Возле креста, на камнях, Корней с удивлением обнаружил довольно свежий букетик из альпийских цветов.
-Ангелы видно принесли, - подумал он.
Корней с трепетом осмотрел часовню, долго молился подле креста, полюбовался на неподвижное зеркало озера с утонувшими в нем парусами облаков.
Пора было подниматься по круче непосредственно на хребет. Для этого надо было обойти озеро по берегу, но неугомонный дух приключений и любовь к острым ощущениям остановили его и он, четко понимая, что поступает неразумно, и что потом горько пожалеет о содеянном, снял одежду и нырнул с высокого утеса в небесную синь между отражениями двух облаков.
Вода была ледяной, но Корнею было безразлично - он не боялся холода. Проплыв озеро поперек. взбодрившийся искатель приключений стал приглядываться, где лучше подняться на берег. С воды обманчивые берега выглядели совершенно по-иному: пологих участков не было вовсе. Базальтовые стены в три человеческих роста стояли гладкие и голые, покрытые к тому же у воды скользким и черным как сажа налетом.
Похоже, что выбраться отсюда было невозможно.
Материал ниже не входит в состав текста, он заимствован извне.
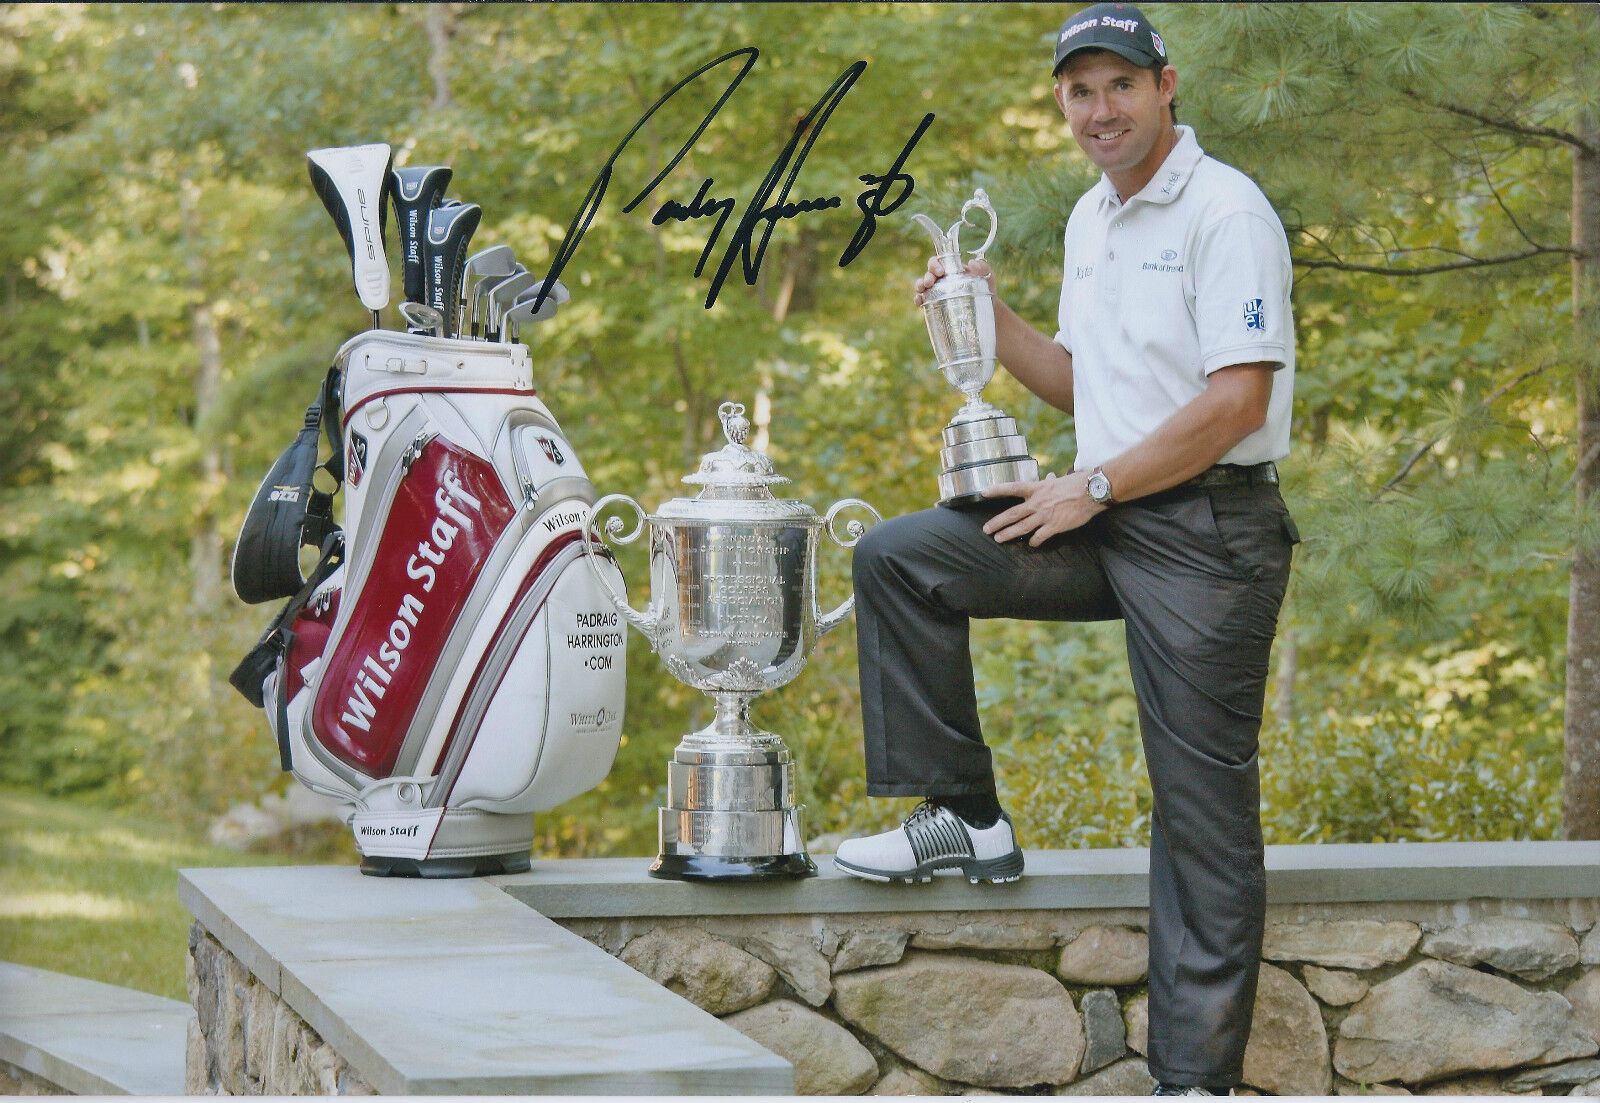 PADRAIG HARRINGTON SIGNED Autograph 12x8 Photo Poster painting AFTAL COA 2008 Multiple Golf WIns

Корнея охватило сознание полной беспомощности. Голые. неприступные стены вокруг и неровный кусок бездонного неба над головой с проплывающим к его кромке крохотным облачком.
-Неужели я всего этого больше не увижу? Нет, не может быть!- сказал он себе.
От звонкого плеска воды по озеру гуляло гулкое эхо.
Самое верное в его положении закрыть глаза, выдохнуть воздух и погрузиться в многометровую толщу, чтобы найти покой на дне. Но не таков Корней, чтобы сдаваться без борьбы, даже безнадежной и бессмысленной, тем более, что добровольная смерть неугодна Богу.
Пленник еще раз проплыл вдоль всего берега, но ничего подходящего не заметил. Чтобы отдохнуть и обдумать свое положение он лег на спину и тихонько лежал глядя в небо и моля у Господа милости.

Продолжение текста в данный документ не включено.